Tuesday July 12, 2005
JUST DON'T YELL "THOMAS!" IN YOUR THROES OF PASSION. You have to wonder whether Christopher Hitchens' heart is in the job anymore. In his latest terror-war fist-shaker, except for his now-traditional condemnation of people who disagree with him as "stupid," Hitchens expends most of his words on Thomas Jefferson. Well, when one's mission is to explicate the work of G.W. Bush to upmarket readers, I can see how, in the long course of contemplation and composition, the bust of one of our more thoughtful Presidents might be more inspiring than Dubya's.
Most of the Jefferson analysis is unobjectionable, even pleasing, but has little to do with the alleged subject, named in the subhead as "Jefferson's ideas presaged the Bush doctrine." While it is true that Jefferson hoped the American example would embolden men to seize freedom, there is no evidence that he wished our soldiers to wander the globe in search of philosophically dissonant states to overthrow. That looks far more like Napoleon's dream than Jefferson's.

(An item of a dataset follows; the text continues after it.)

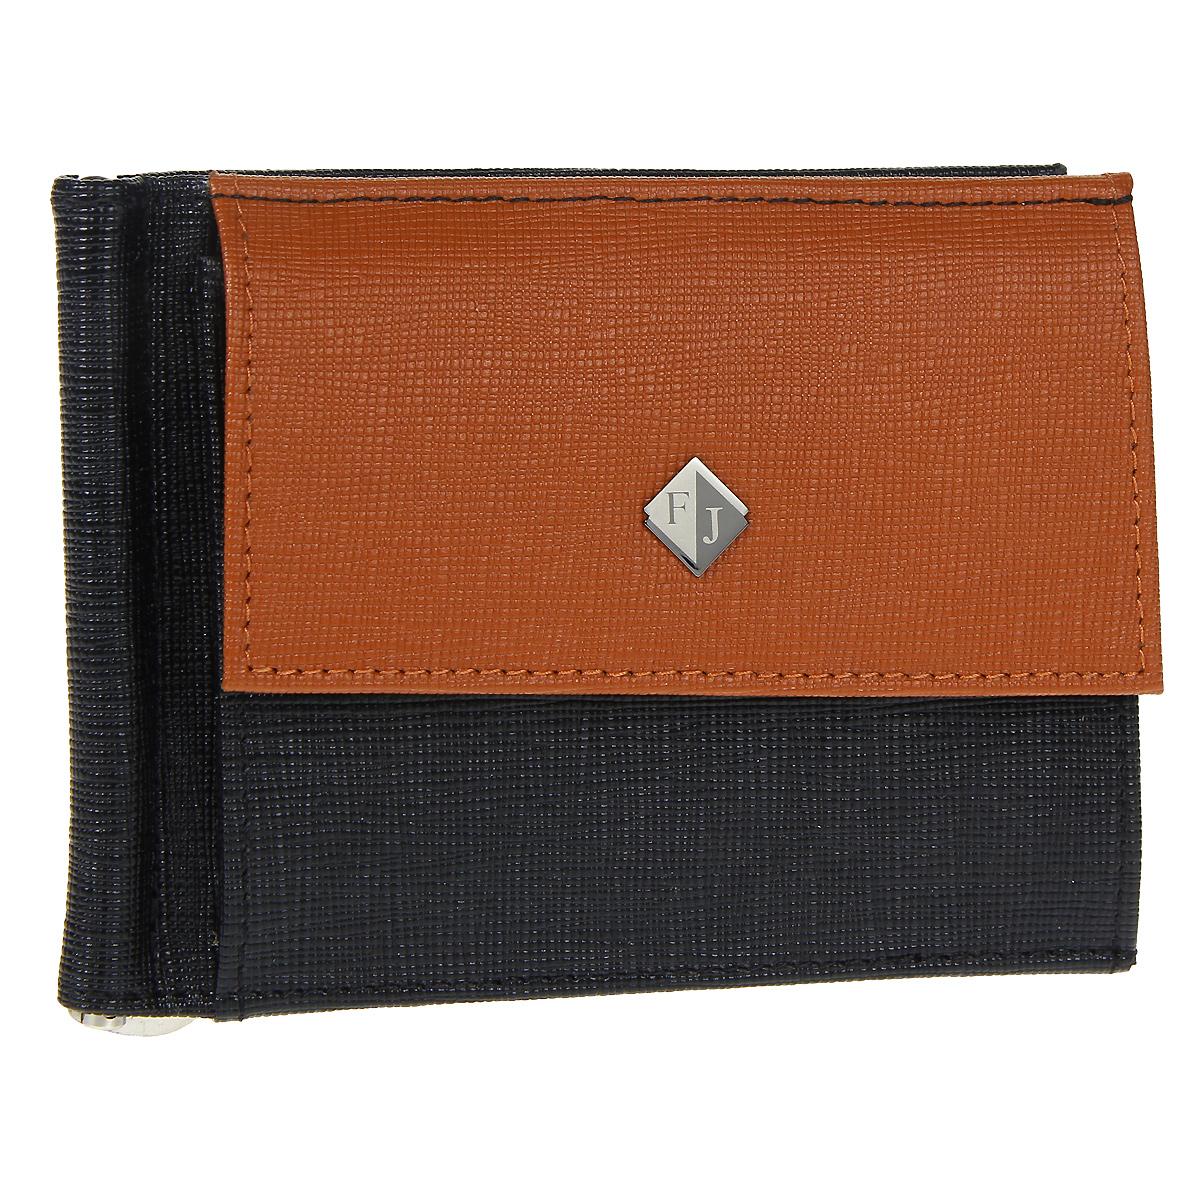 Зажим для купюр Flioraj, цвет: черный, рыжий. 1527-05/04/FINT-06501Зажим для купюр Flioraj выполнен из натуральной кожи черного цвета с отделкой из кожи рыжего цвета. На лицевой стороне зажима находится небольшой карман для мелочи, закрывающийся на кнопку. Внутри имеется отодвигающийся металлический зажим и два сетчатых кармана. Зажим для купюр закрывается на кнопку.Зажим упакован в подарочную упаковку из плотного картона. Зажим для купюр Flioraj станет отличным подарком человеку, ценящему практичные и стильные вещи, а качество его исполнения представит такой подарок в самом выгодном свете. Характеристики: Материал: натуральная кожа, металл. Размер в сложенном виде: 12 см х 9 см х 1 см. Цвет: черный, рыжий. Размер упаковки:16,5 см х 15 см х 4 см. Артикул: 1527-05/04/F.

Hitchens closes by comparing the Iraq adventure to the First Barbary War:
The most successful "export" was Jefferson's determined use of naval and military force to reduce the Barbary States of the Ottoman Empire, which had set up a slave-taking system of piracy and blackmail along the western coast of North Africa. Our third president was not in a position to enforce regime change in Algiers or Tripoli, but he was able to insist on regime behavior-modification (and thus to put an end to at least one slave system). Ever since then, every major system of tyranny in the world has had to run at least the risk of a confrontation with the United States, and one hopes that the Jeffersonians among us will continue to ensure that this remains true.
When I was a boy American schools still taught history. We were told then that Jefferson sent the Marines to Tripoli because the Barbary pirates kept holding American ships and sailors for ransom, and Jefferson preferred fighting to the payment of tribute. In fact, I see that is still the accepted version.
The pirates, in other words, had directly attacked Americans, and promised to attack still more, and Jefferson responded to those attacks. It is true that Jefferson "was not in a position to enforce regime change in Algiers or Tripoli," but neither was he of a mind to do so -- he was protecting American interests in the most basic terms.
Perhaps in some alterna-history universe -- one, say, in which a bunch of Berbers blow up a warehouse full of New Yorkers, and Jefferson invades some non-piratical North African nation-state in hopes that this nation-state-building example will reform the rest of the region -- there would be some connection between the actions of our third President and those of our forty-third.
Or maybe there is some other version of history left over from Hitchens' socialist days -- some stunning refutation of prior accounts of the Tripolitan War, suppressed by bourgeois historians -- that makes the comparison more clear. Maybe we'll get that clarification is some future installment, to be issued after we've bugged out of Iraq.